Write out each line of the material exactly as given, and drop the images.

| THE DATA |
▼▼▼

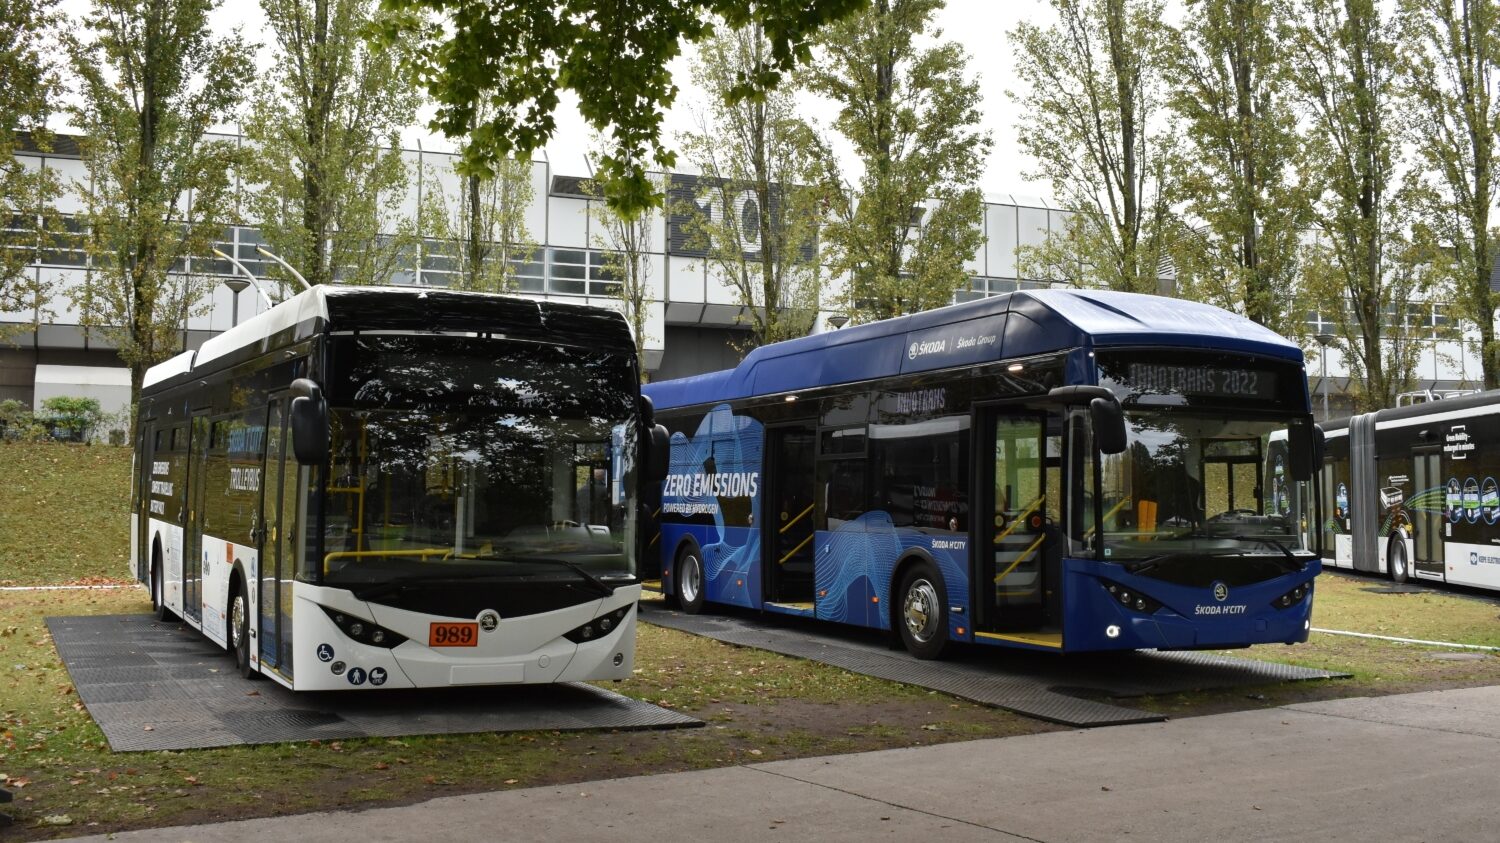 Trolejbus Škoda 36 Tr vedle prototypu vodíkového elektrobusu H’City, jenž je veden jako typ Škoda 36 BB, neboť využívá homologaci elektrobusu. Snímek pochází z veletrhu InnoTrans, kde si vodíkový autobus odbyl svou premiéru. (foto: Libor Hinčica)
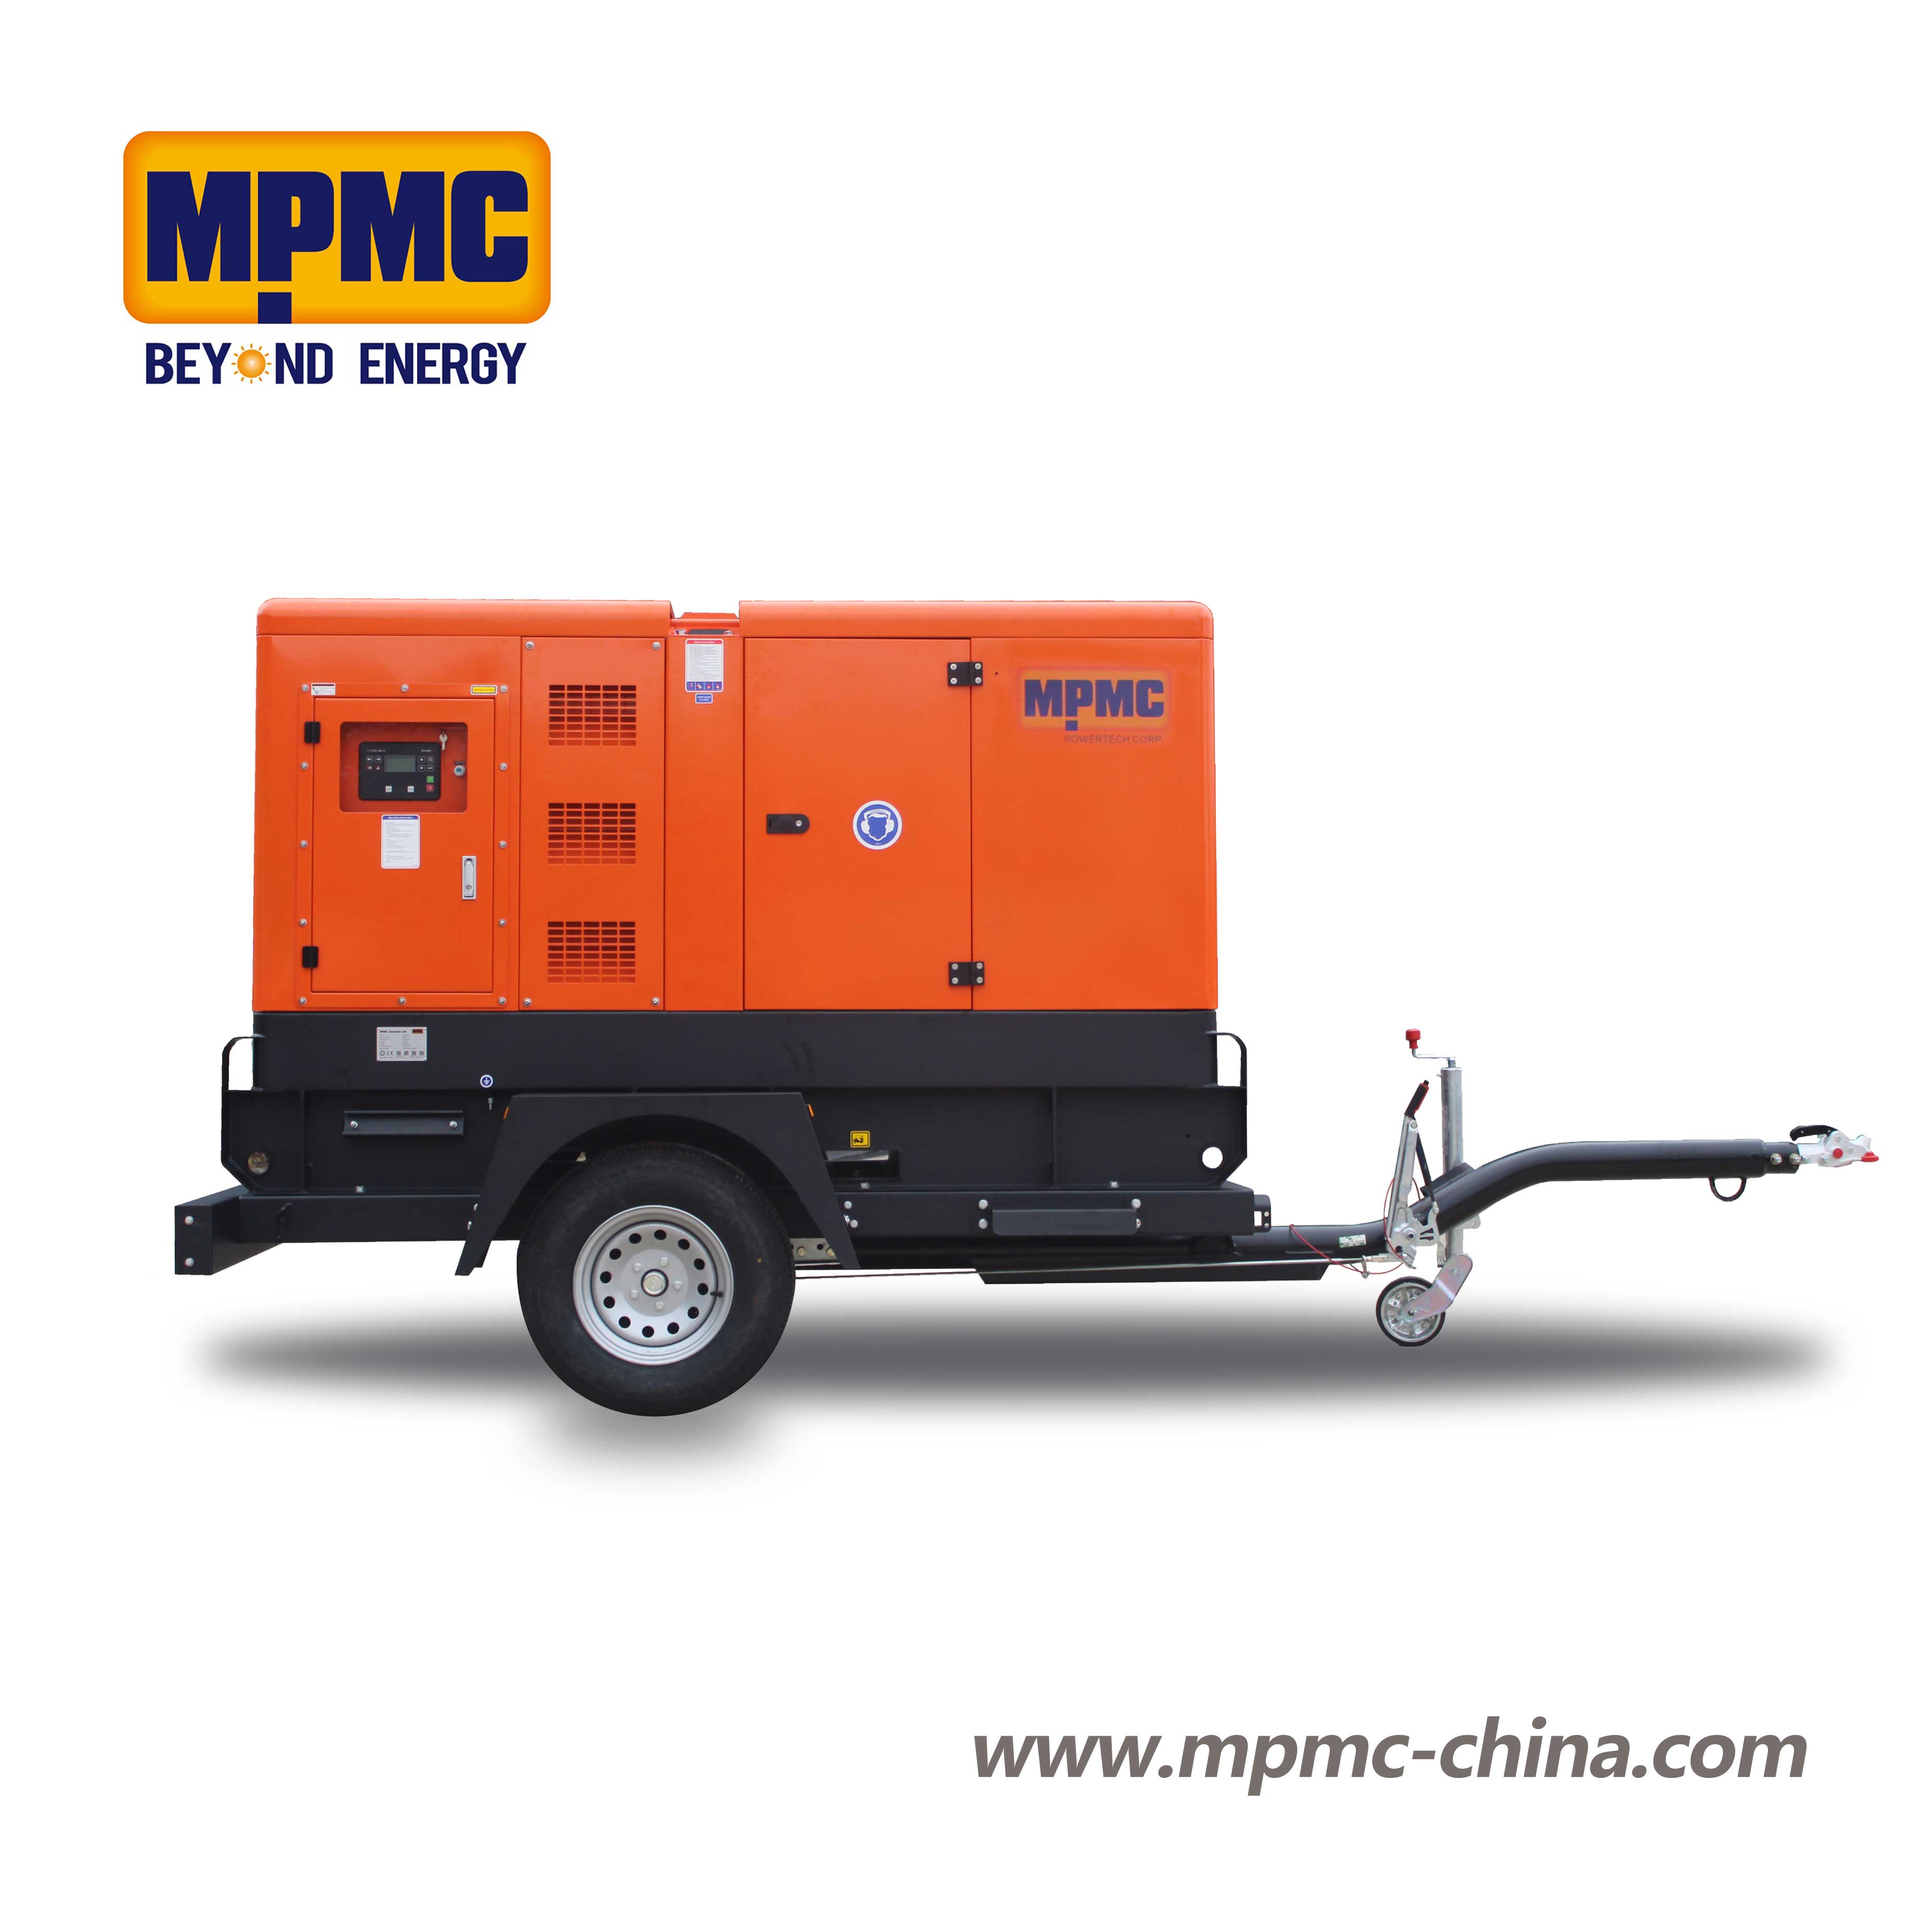 移动式柴油发电机组 Made By MPMC
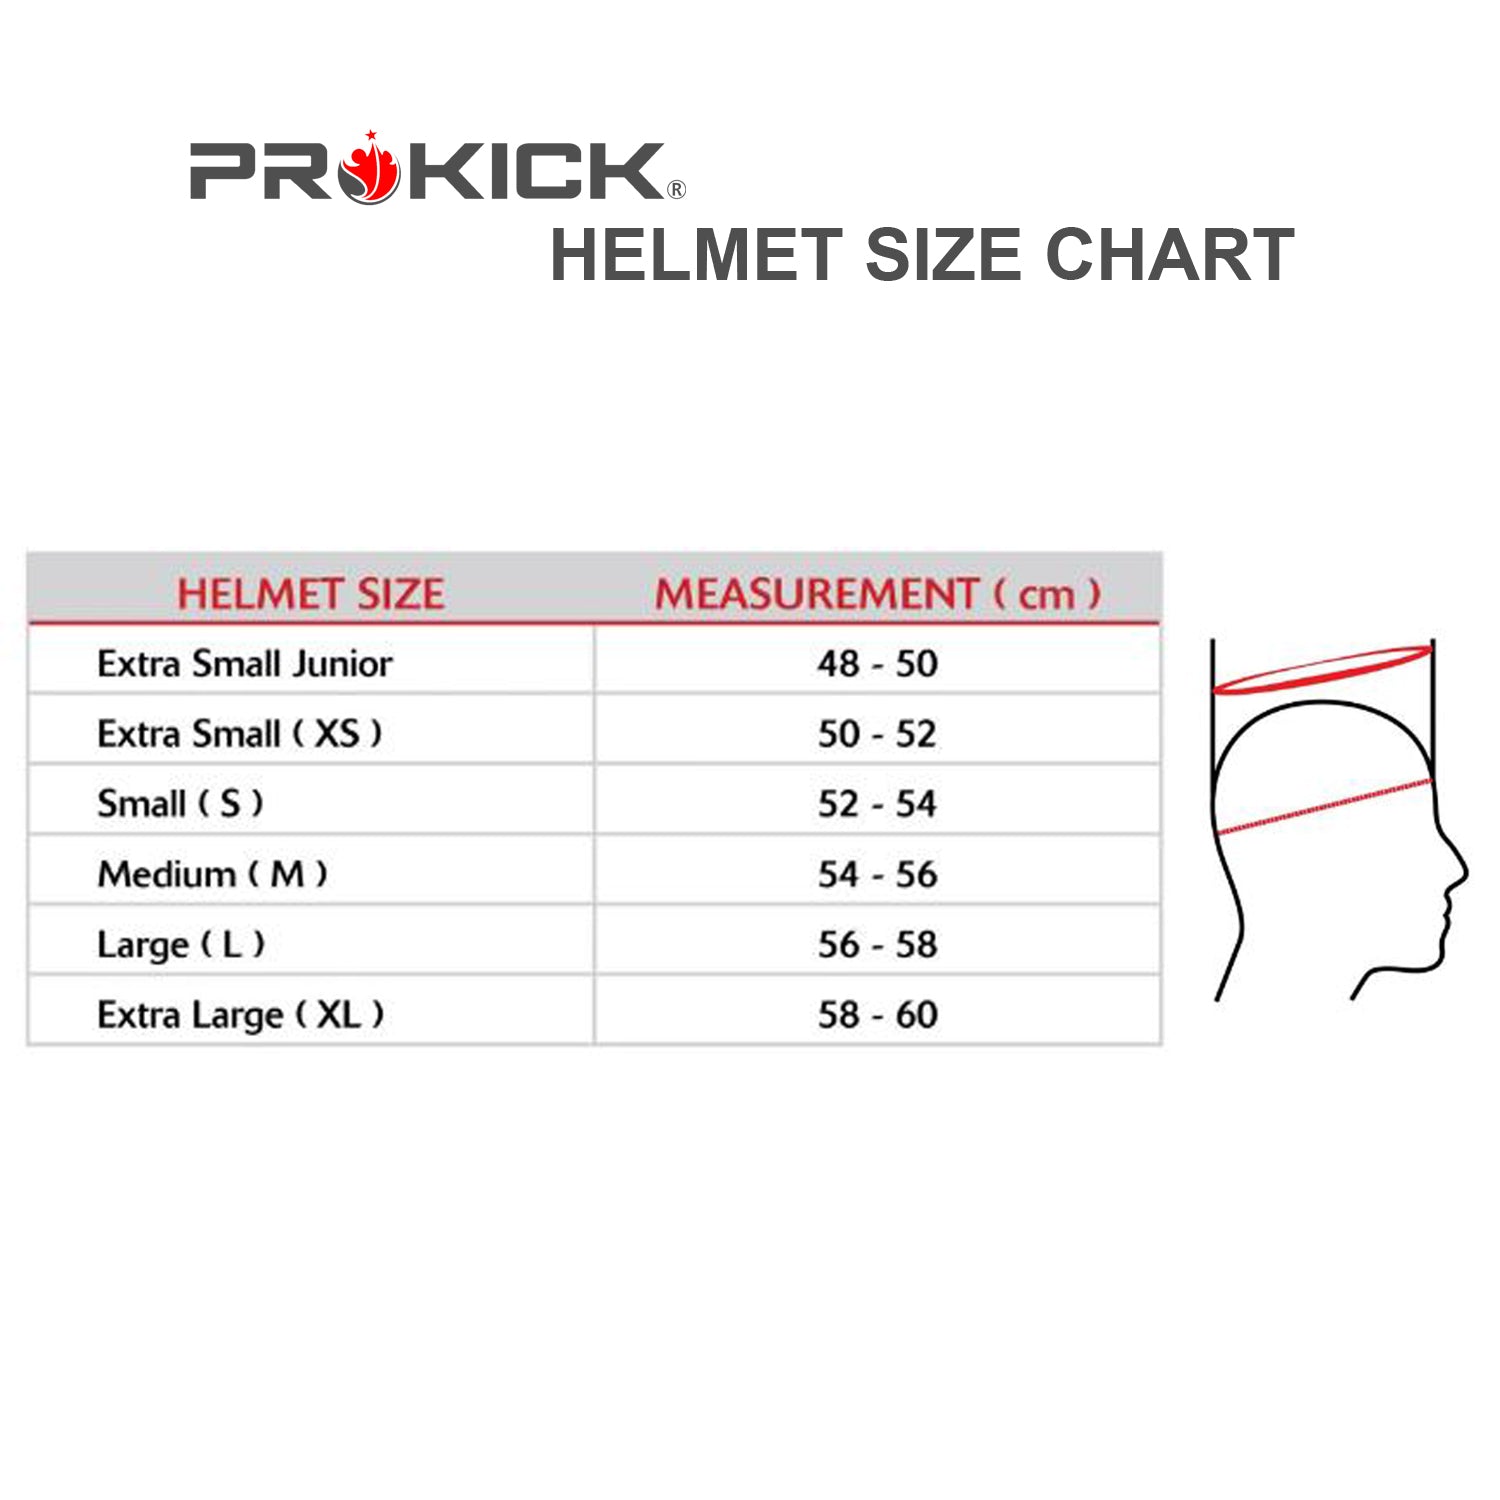 Prokick Pioneer Cricket Helmet with Adjustable Steel Grill, Navy - Best Price online Prokicksports.com
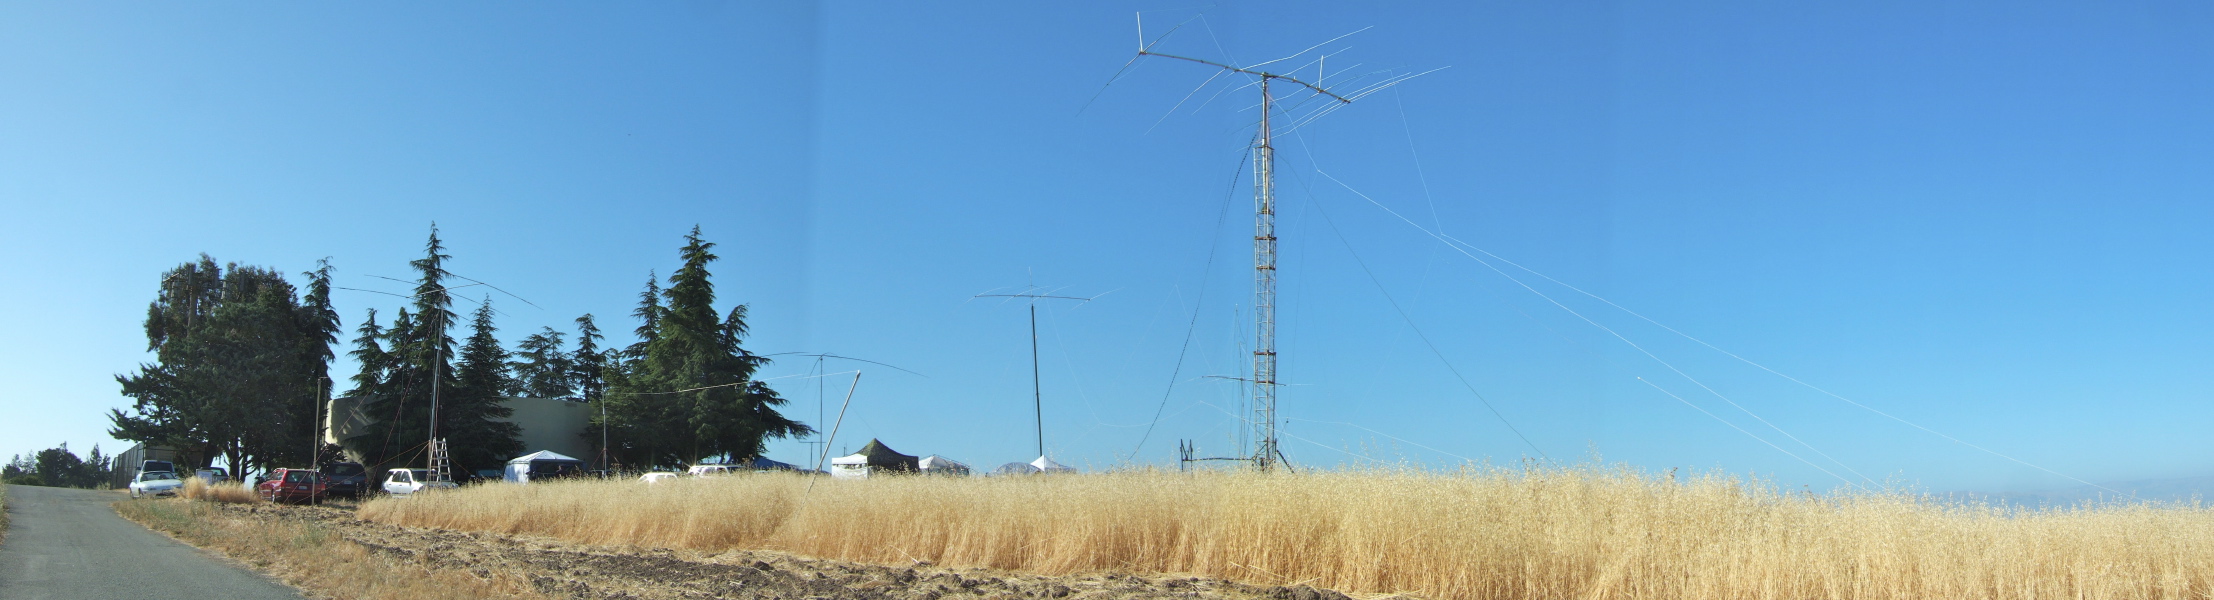 WVARA antenna farm on Mora Hill

▲▲▲

| RESULT |
 Trolejbus Škoda 36 Tr vedle prototypu vodíkového elektrobusu H’City, jenž je veden jako typ Škoda 36 BB, neboť využívá homologaci elektrobusu. Snímek pochází z veletrhu InnoTrans, kde si vodíkový autobus odbyl svou premiéru. (foto: Libor Hinčica)
 移动式柴油发电机组 Made By MPMC
 Prokick Pioneer Cricket Helmet with Adjustable Steel Grill, Navy - Best Price online Prokicksports.com
 WVARA antenna farm on Mora Hill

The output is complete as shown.